自分の中のドの音をファの音の上げていって魔石が光ったところで命じる。
「ボールをこちらに」
魔石から黄色のキラキラが少し出てきてボールを包み、ふわっと浮かせるが、そのままストンと机に落ちた。失敗だ。
もう一回やってみよう。
私は魔石の名を呼んでもう一度命じるが、結果は同じだった。
おお、初めて上手くできない魔石術に出会った。
ううむ、どうしたら上手くいくんだろうと周りを見回すが、他の生徒も同じ感じだ。手前に転がってくるけれど浮かなかったり、浮いてもすぐに落ちたりしている。
なんかこう、物を引くイメージがぼやっとしてるんだよね……だから上手くいってない気がする。もっと具体的なイメージができないかな。物を引く力、引き寄せる力、吸い寄せる力……つまり引力、吸引……。

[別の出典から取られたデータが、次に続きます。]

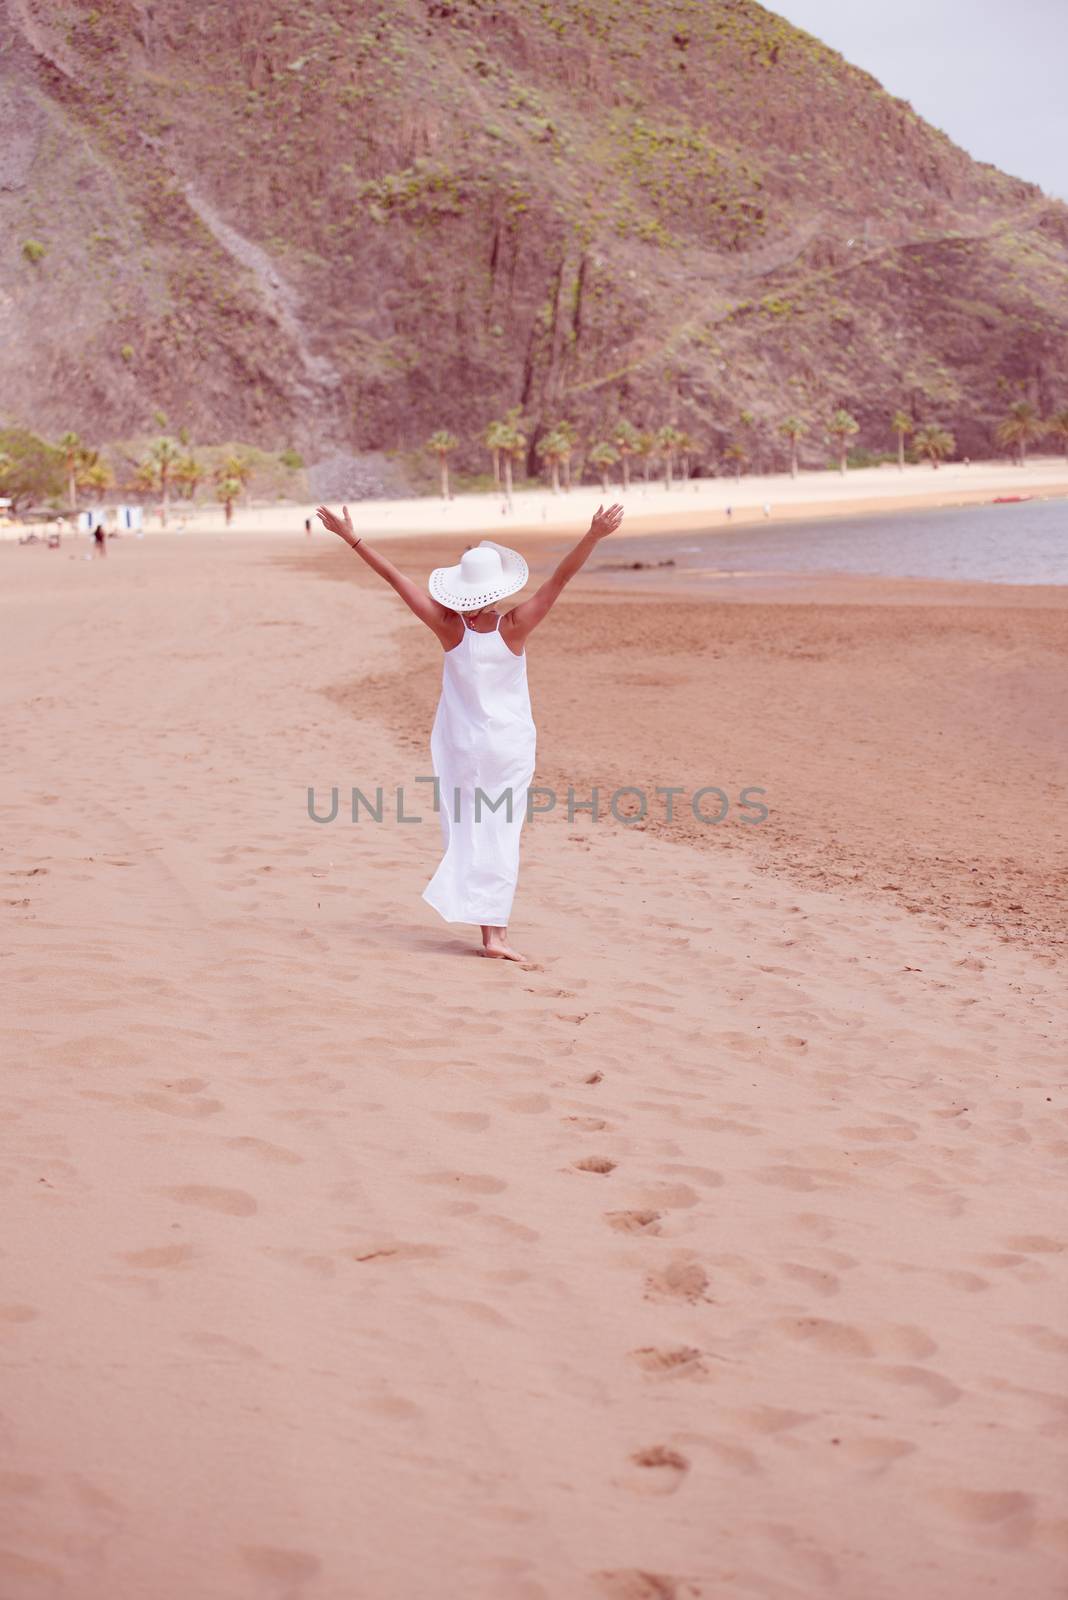 Model in white dress and hat enjoying walk on sandy beach

そこまで考えた時に、「吸引力の変わらない……」という恵麻時代に聞いたとある商品のキャッチコピーが頭に浮かんだ。
そうだ! 掃除機!
私は魔石を持って再び名を呼ぶ。そしてボールに向かってかざした手を掃除機のノズルだとイメージする。
この掃除機に吸い込むイメージで……。
「ボールをこちらに」
そう命じると、ボールが手の中にズボン! と飛び込んできた。掃除機のイメージだったからか、ちょっと勢いが良すぎたけれど、成功だ!
「できました」
「あら、もうできたの。ではボールではないものを引き寄せる練習もしましょうか」
アサスーラ先生はそう言って私の机の上を指差す。机の上にはつけペンとインク壺、教科書とノートが置いてある。
「軽いものから順に引き寄せていってください」
「はい」
私はまずつけペンを机の真ん中に置いて手をかざす。「サリク」と呼んで掃除機をイメージする。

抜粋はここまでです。